(RECORDED INFORMATION)
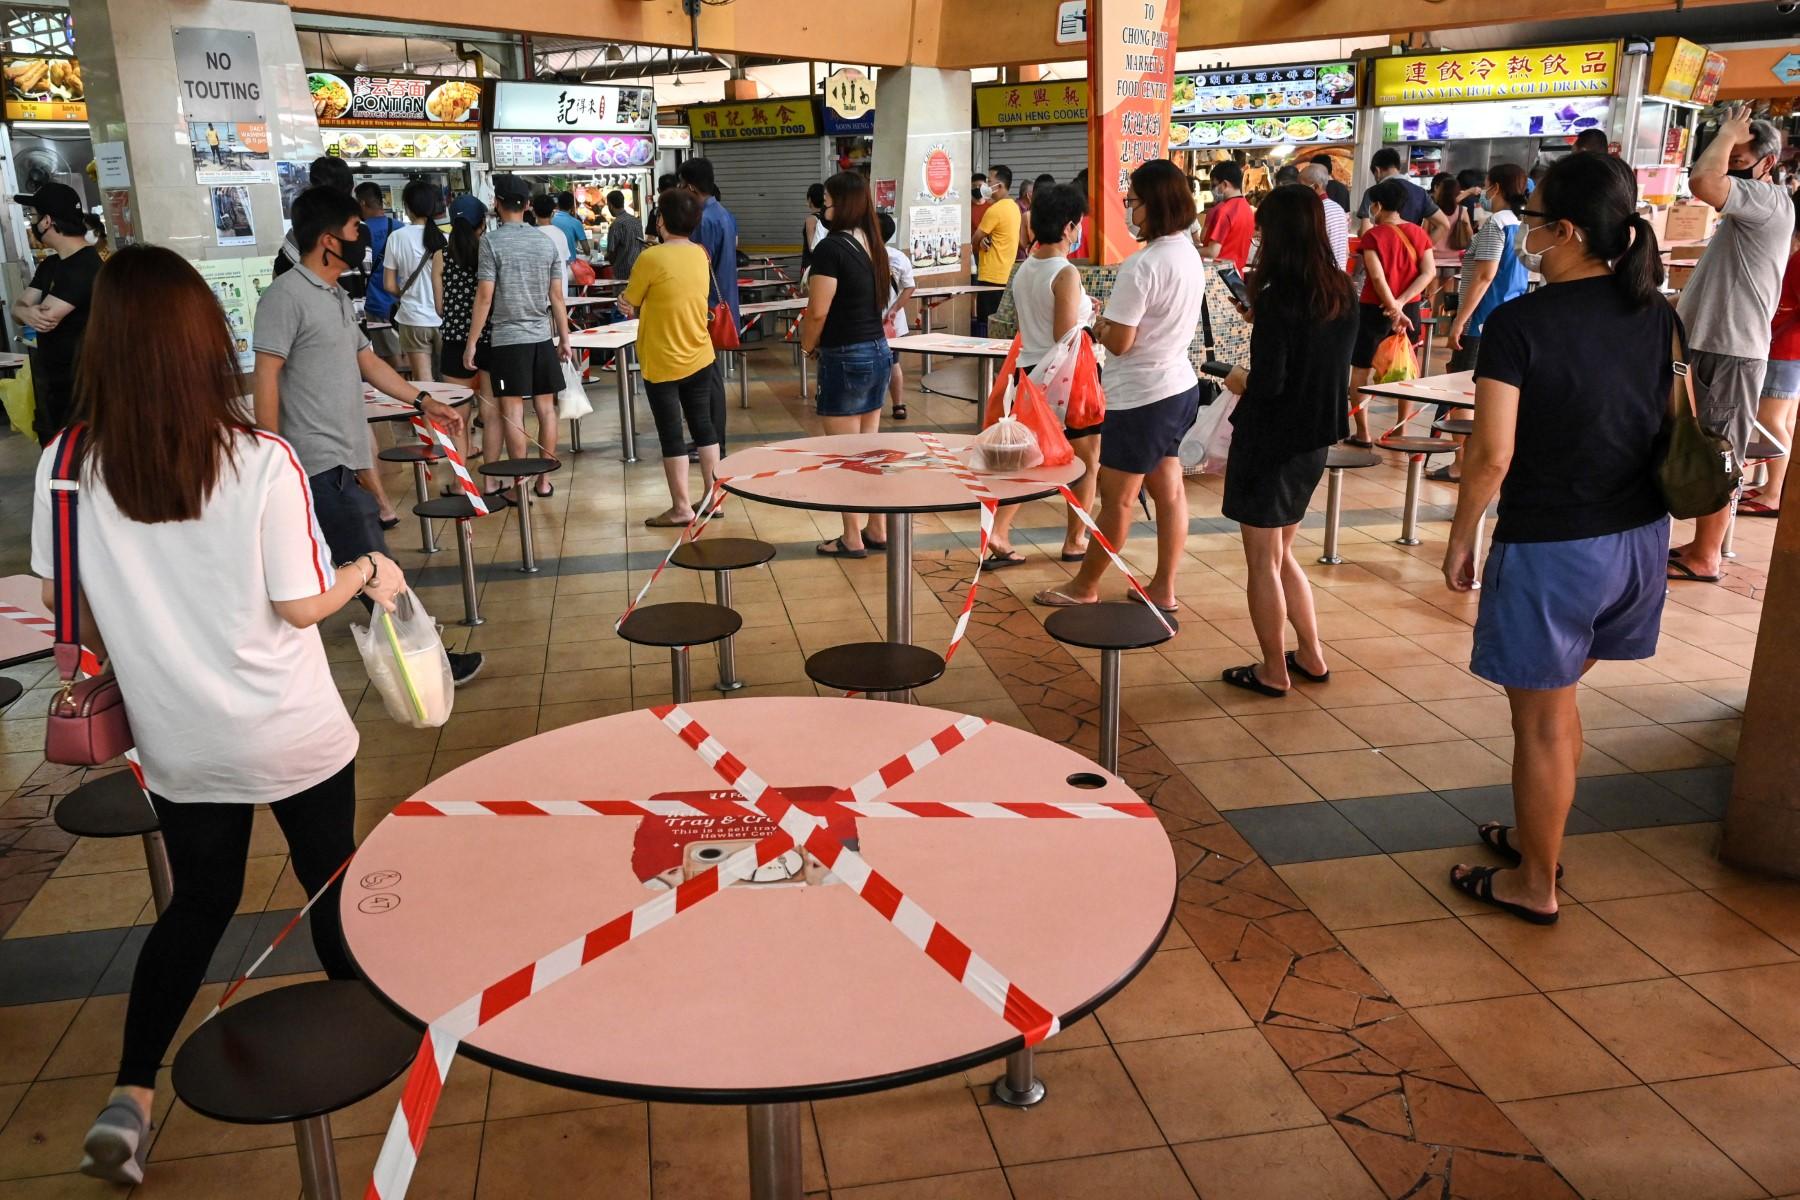 People queue to buy food as takeaway orders, as tables and chairs are cordoned off to prevent people from dining at a hawker food centre in Singapore on May 16, 2021. Photo: AFP
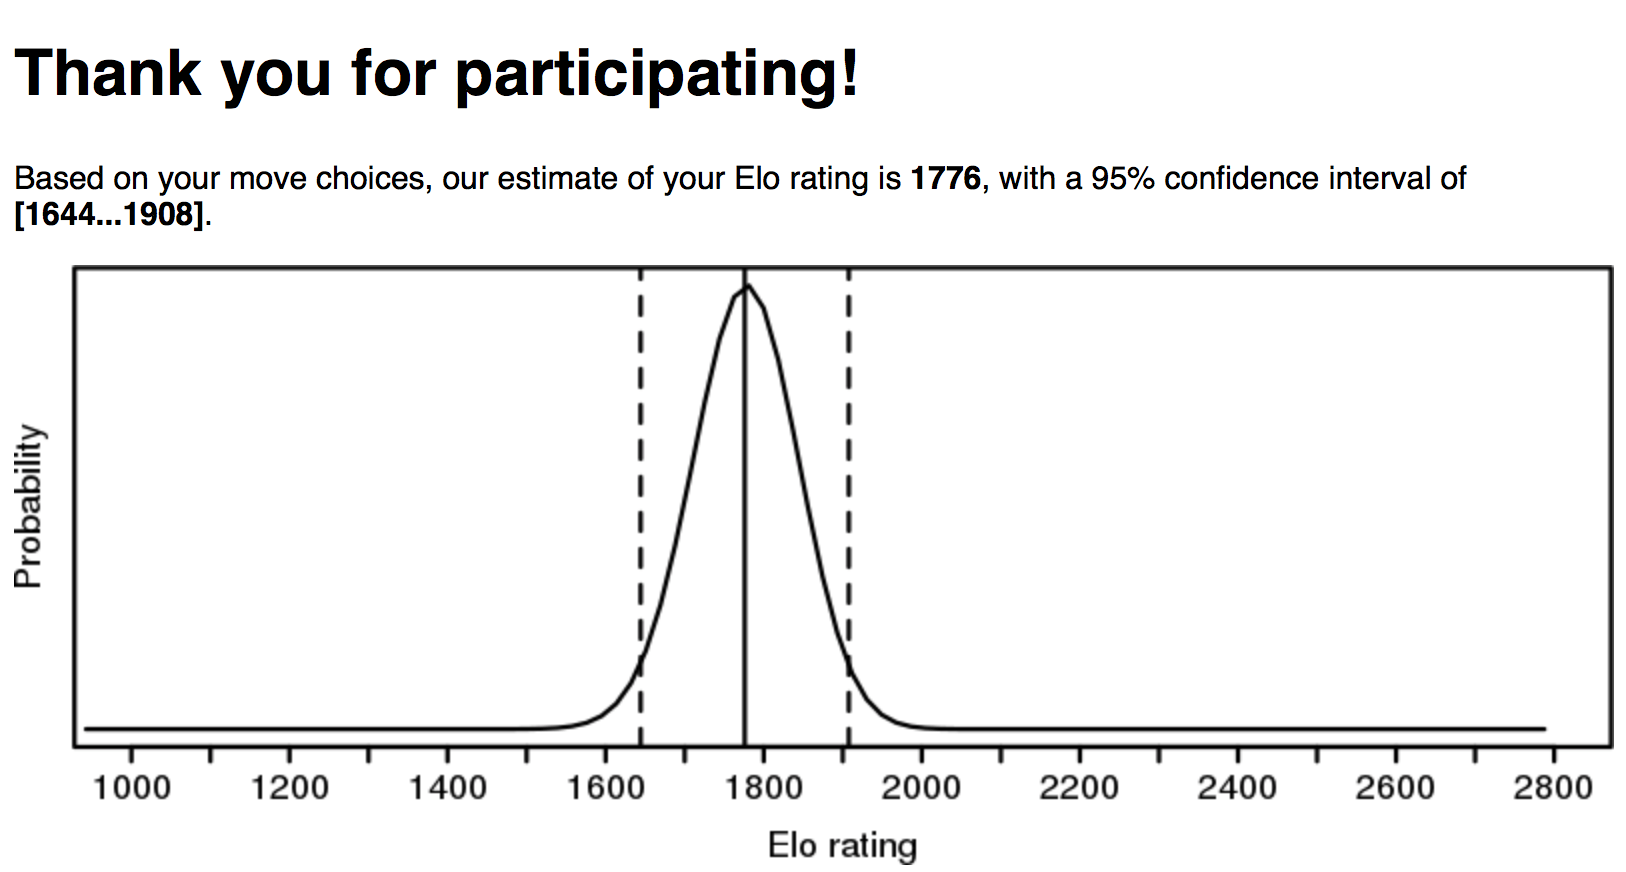 What percentage of chess players have an Elo rating above 1800 and
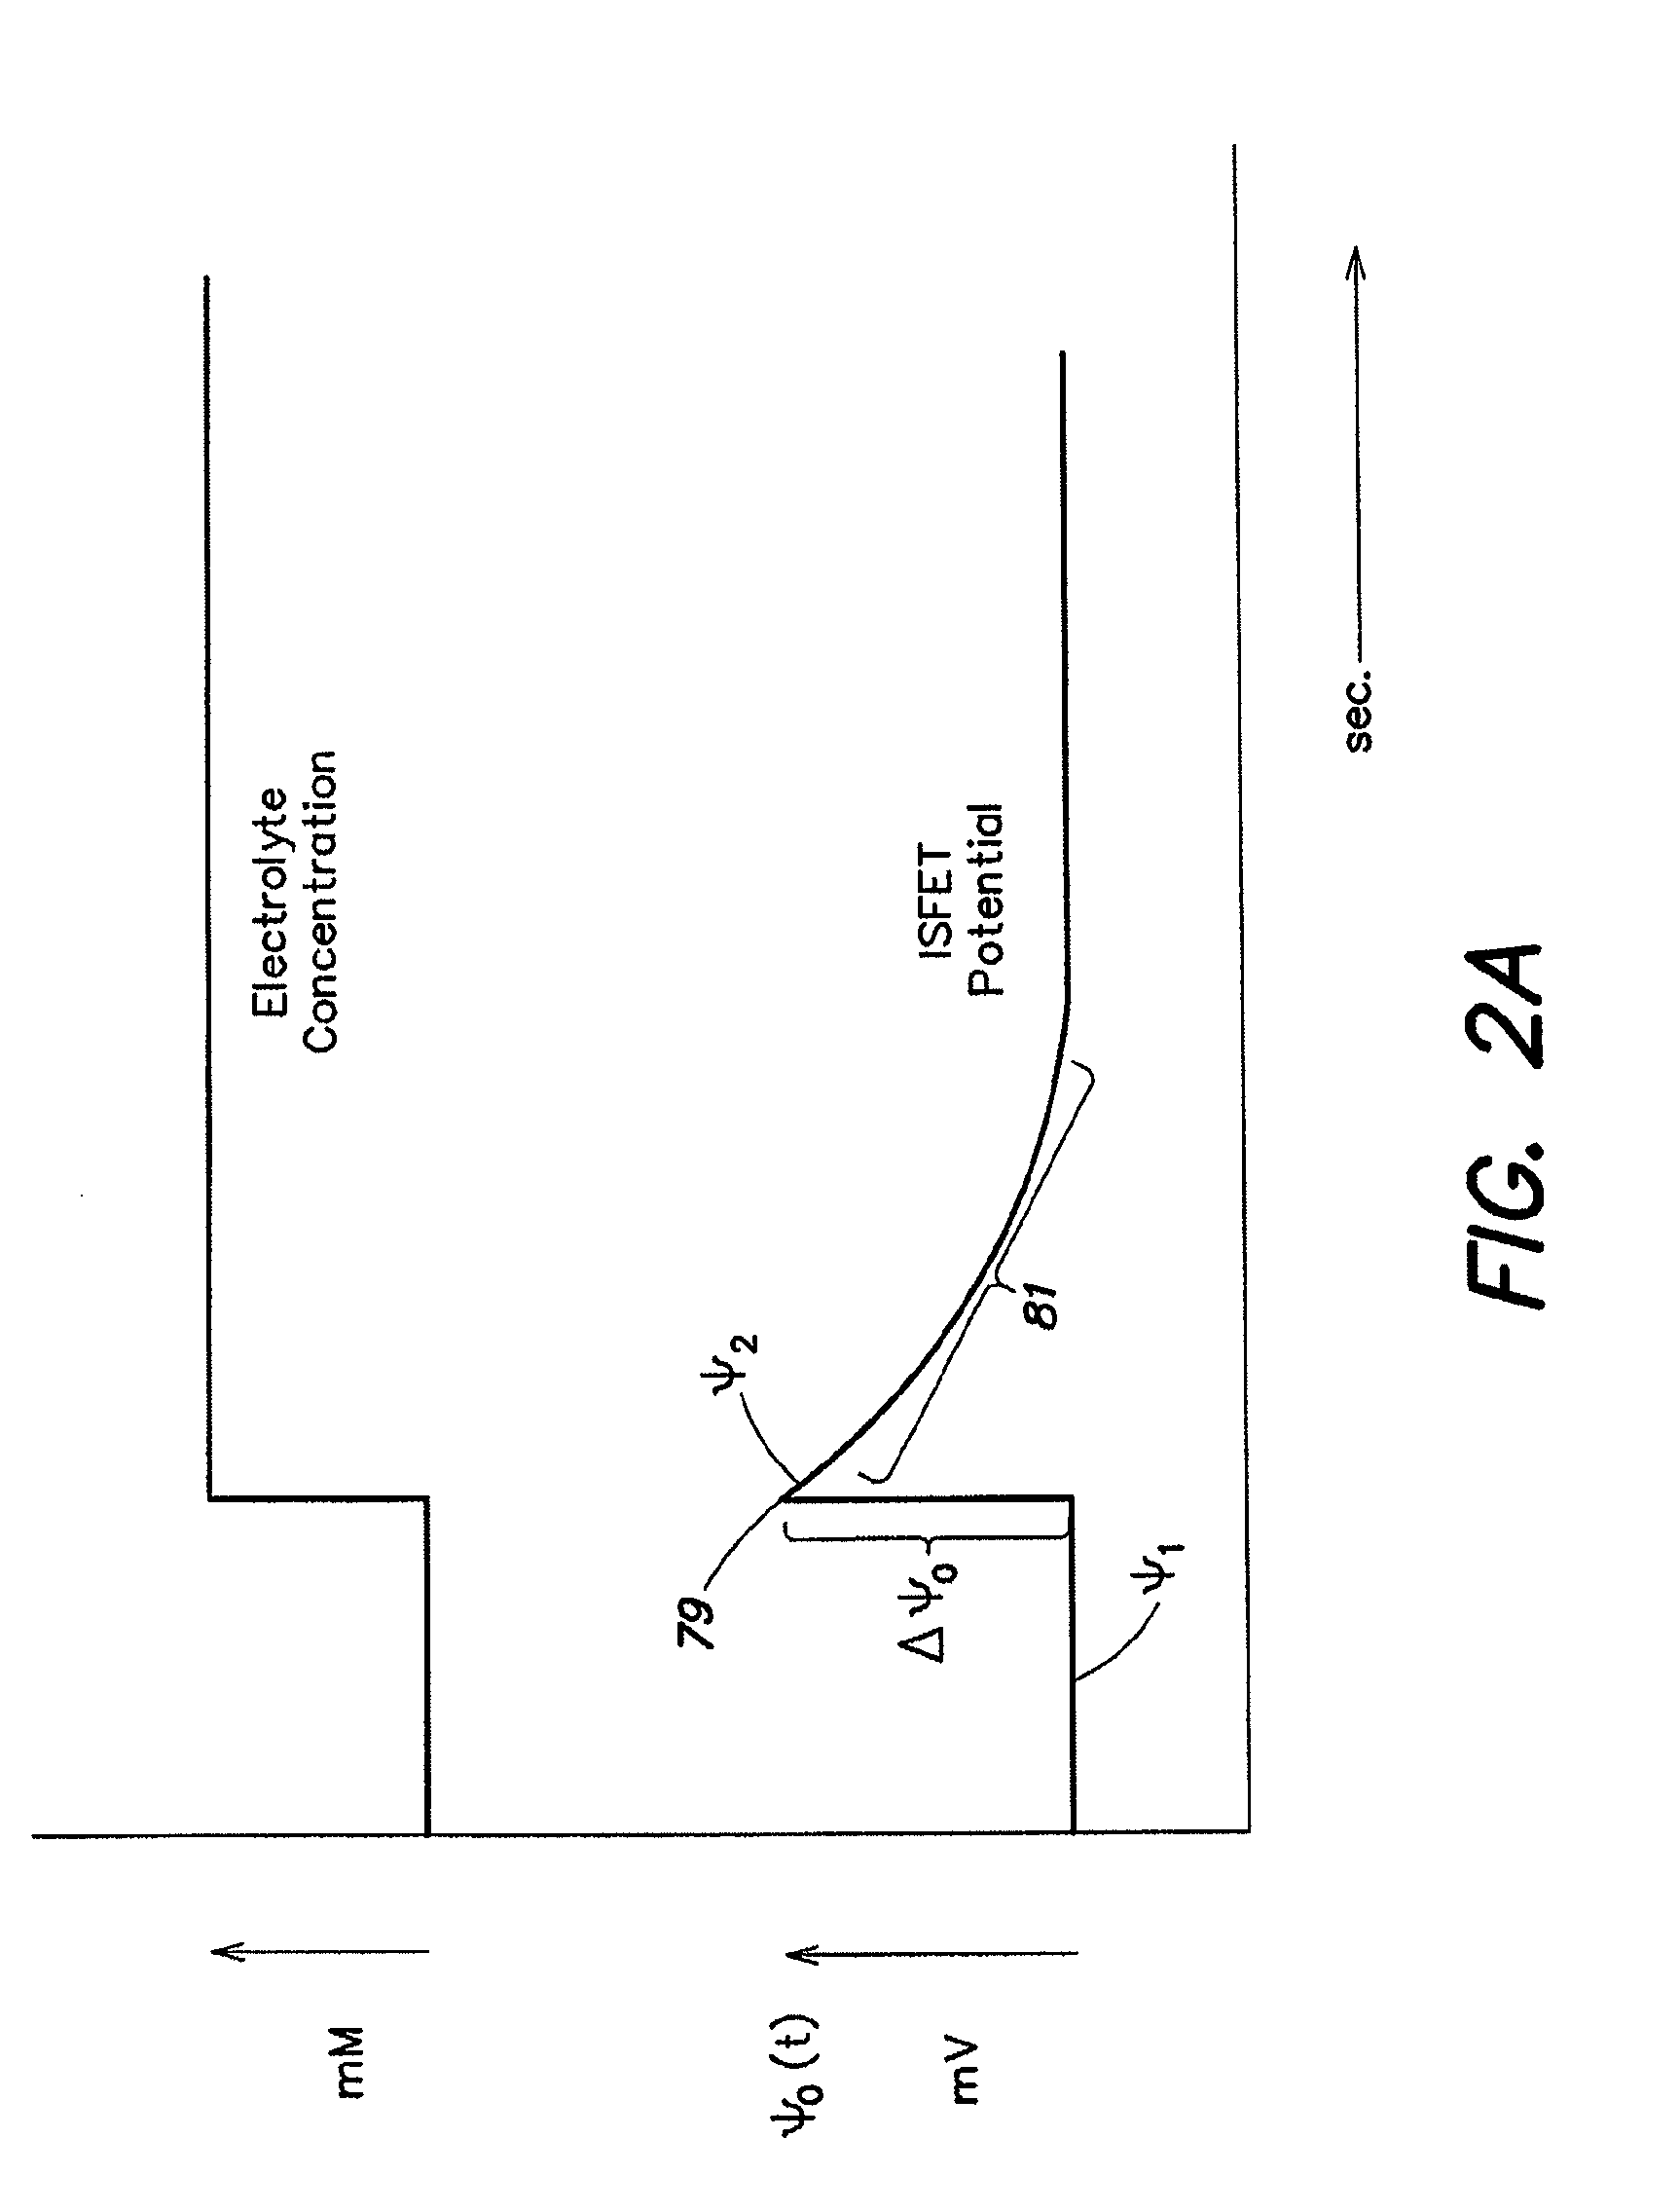 Method and Apparatus for Rapid Nucleic Acid Sequencing

(WHAT YOU NEED TO DO) Reproduce the full listing above verbatim, with no pictures included.

(EXERCISE OUTPUT)
 People queue to buy food as takeaway orders, as tables and chairs are cordoned off to prevent people from dining at a hawker food centre in Singapore on May 16, 2021. Photo: AFP
 What percentage of chess players have an Elo rating above 1800 and
 Method and Apparatus for Rapid Nucleic Acid Sequencing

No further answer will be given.